Добавить в цитаты Настройки чтения

Страница 38 из 57



— Дорогие друзья, дорогие дети, — сказала она, — говорю вам, что меня продали и предали. Недалек тот час, когда они погубят меня. Молитесь за меня богу, прошу вас. Ибо я не смогу больше служить всемилостивейшему королю Карлу и прекрасной Франции.

И Симона читала, как действительно в тот же день Жанна была взята в плен. Это случилось даже не в крупном сражении, а в мелкой, пустячной стычке; из множества подобных стычек Жанна неизменно выходила победительницей.

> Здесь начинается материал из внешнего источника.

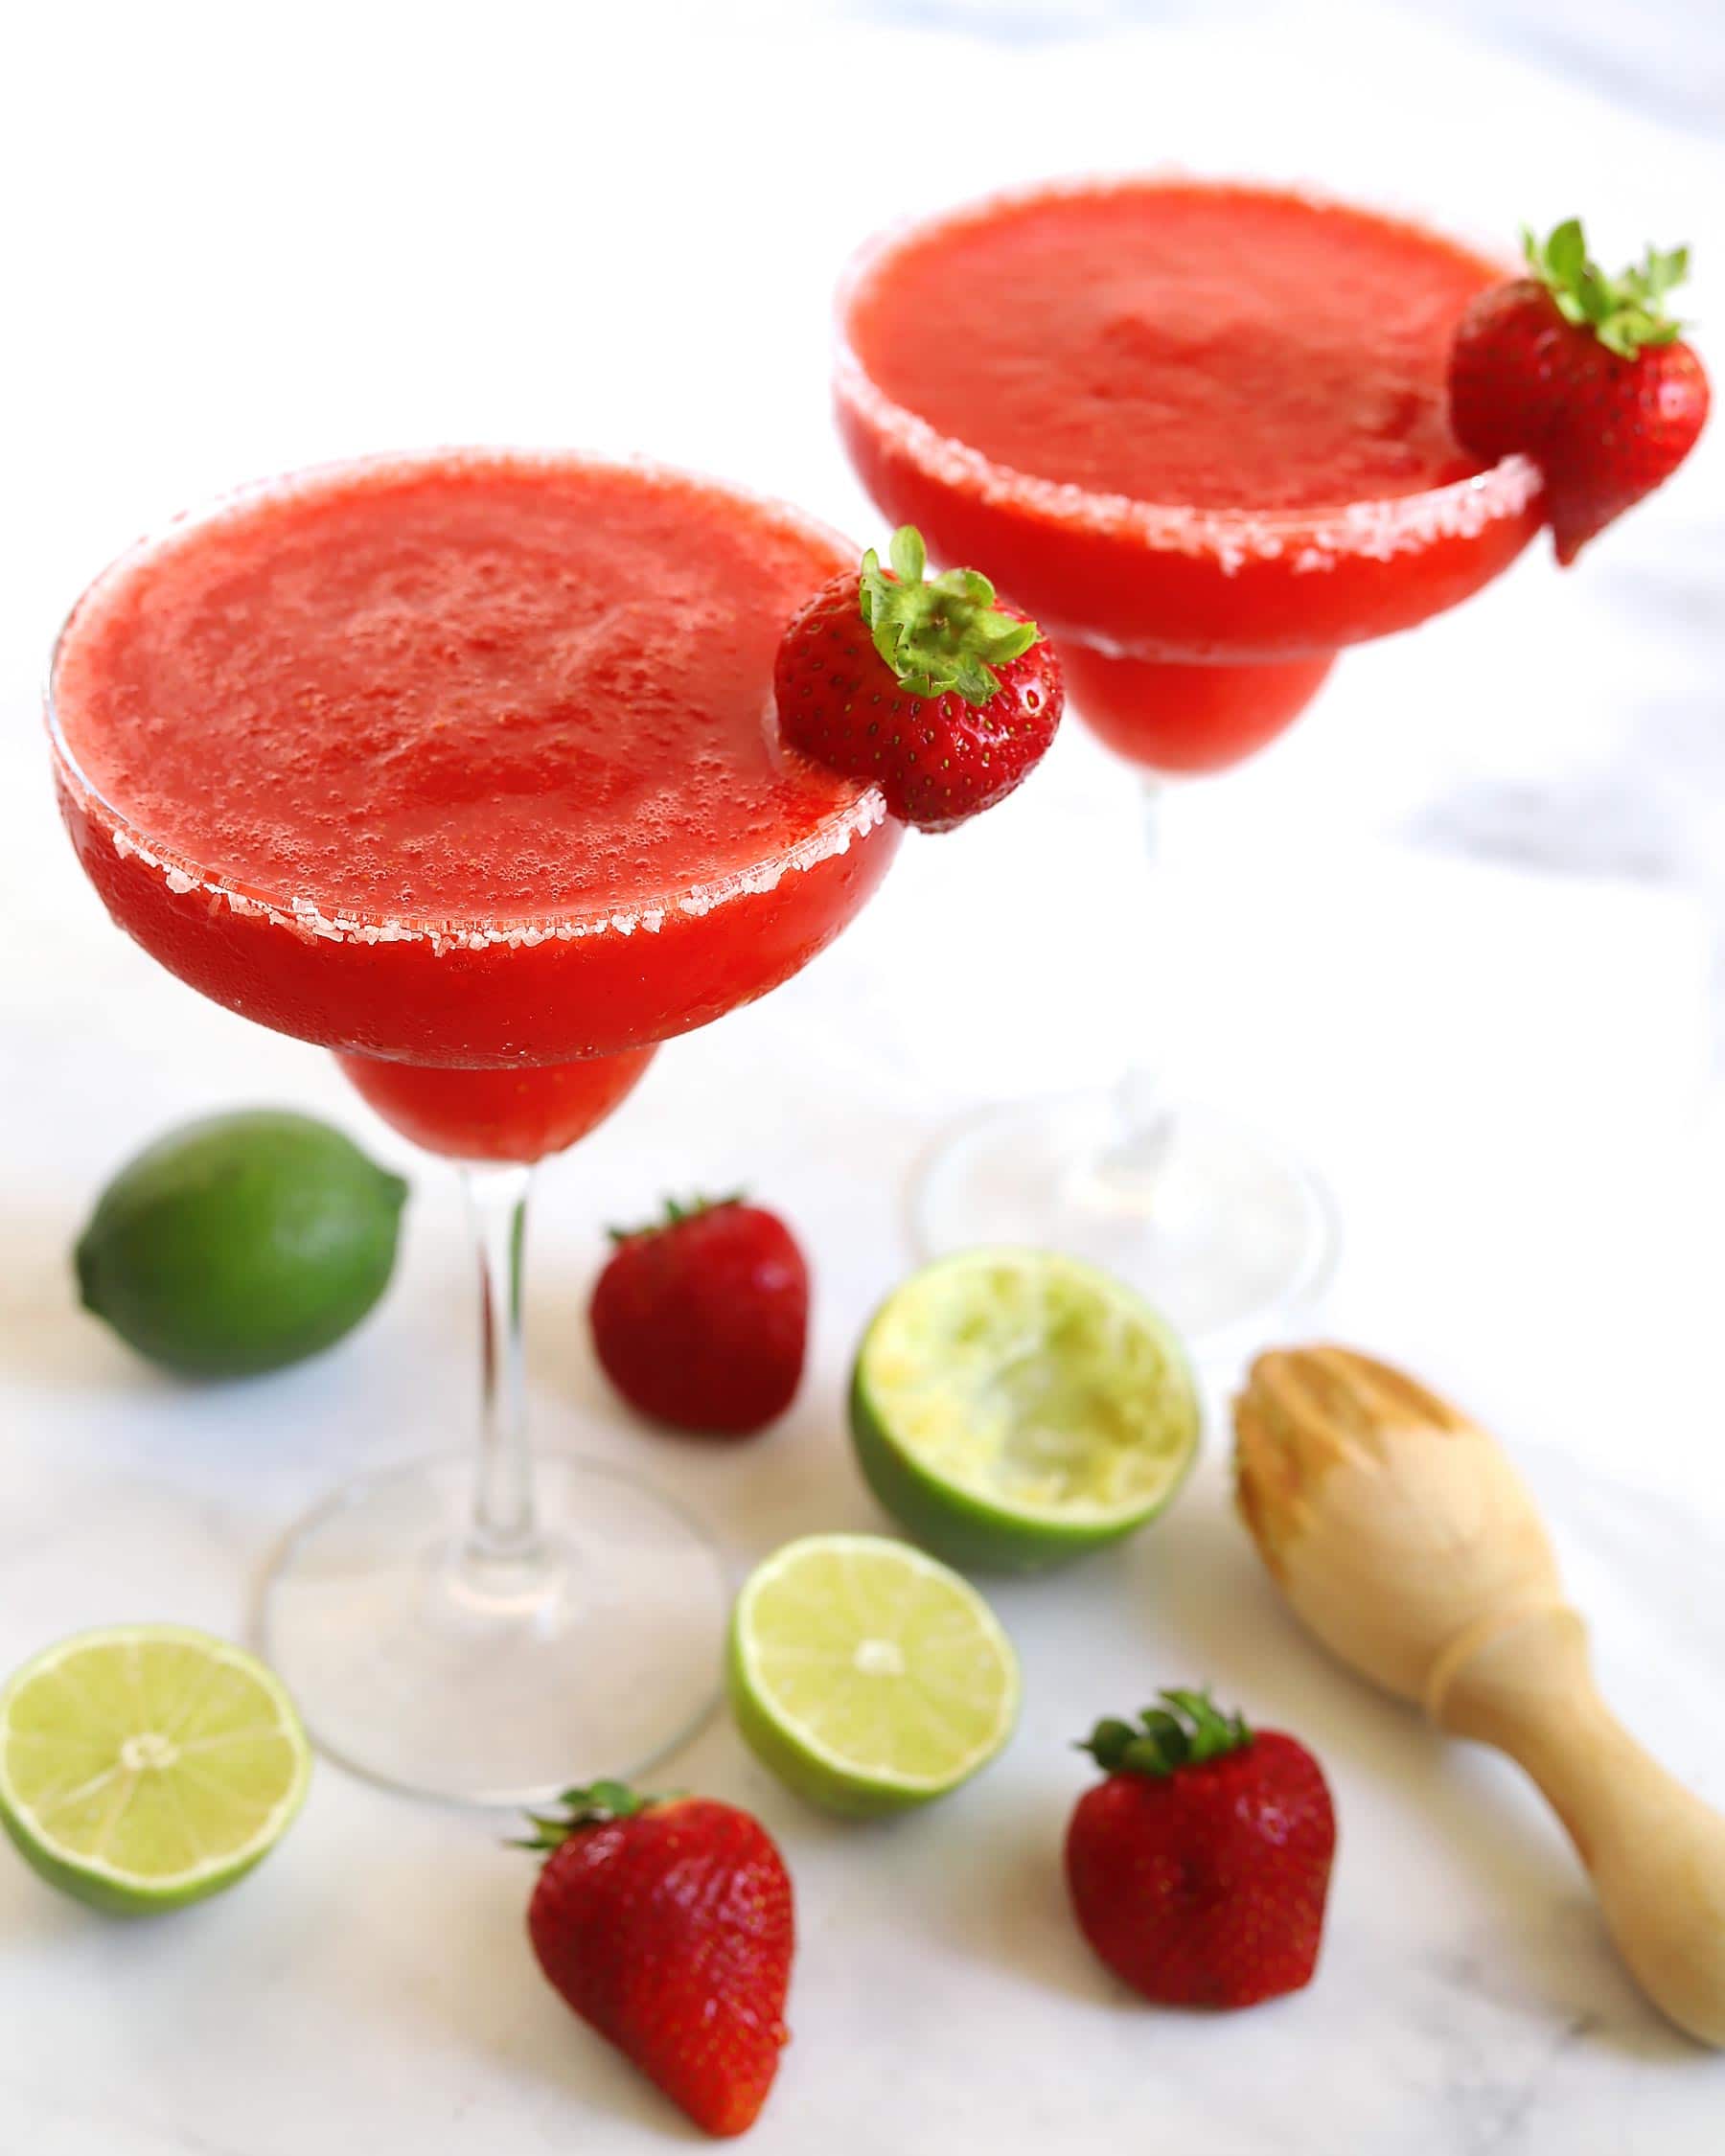 THE SELTZERITA - Margarita meets hard seltzer!! #ad Msg 4 21+ So refreshing and easy to make! Perfect for game day or really any occasion! These strawberry seltzeritas are gluten free, have no added sugar, and only take about 5 minutes to make! #BudLightSeltzerRecipe #UnquestionablyGood #SeltzerSZN #hardseltzer #healthycocktail #margarita #strawberrymargarita

Симона внимательно прочла подробное описание этого эпизода. Было 23 марта 1430 года, пять часов пополудни. В расшитой золотом красной мантии Жанна с небольшим отрядом всадников выступила с намерением атаковать отряд бургундцев, о котором получила донесение; она скакала на своем сером в яблоках коне. Бургундцы были застигнуты врасплох, и казалось, атака удастся. Но они получили сильное подкрепление, и Жанна со своим отрядом оказалась в невыгодном положении. Солдаты Жанны отступили, но Жанна не желала сдаваться. "Вперед!" — крикнула она. "Спасайся, кто может", кричали солдаты, бросаясь врассыпную. Но город Компьен отделяла от места стычки река, река Уаза, а через реку и город вел мост. Большая часть солдат добежала до моста, часть же бросилась в полном вооружении в реку, огромному большинству удалось добраться до городских стен и спастись за ними. Когда солдаты вошли в город, комендант Типом де Флави велел развести подъемный мост и запереть ворота. Жанна же еще не достигла городских стен. Она осталась, можно сказать, одна. Они была отрезана от своих.

Симона думала над прочитанным. «Вперед», — взывала Жанна. "Спасайся, кто может", — взывали остальные. Симона поежилась, как от озноба. Что пользы, если человек знает, в чем правда, и по правде поступает, что пользы, если он кричит «вперед», если сам он бросается вперед, но никто за ним не следует. "Спасайся, кто может", — взывали они, и они подняли мост и заперли ворота и бросили Жанну одну на произвол судьбы.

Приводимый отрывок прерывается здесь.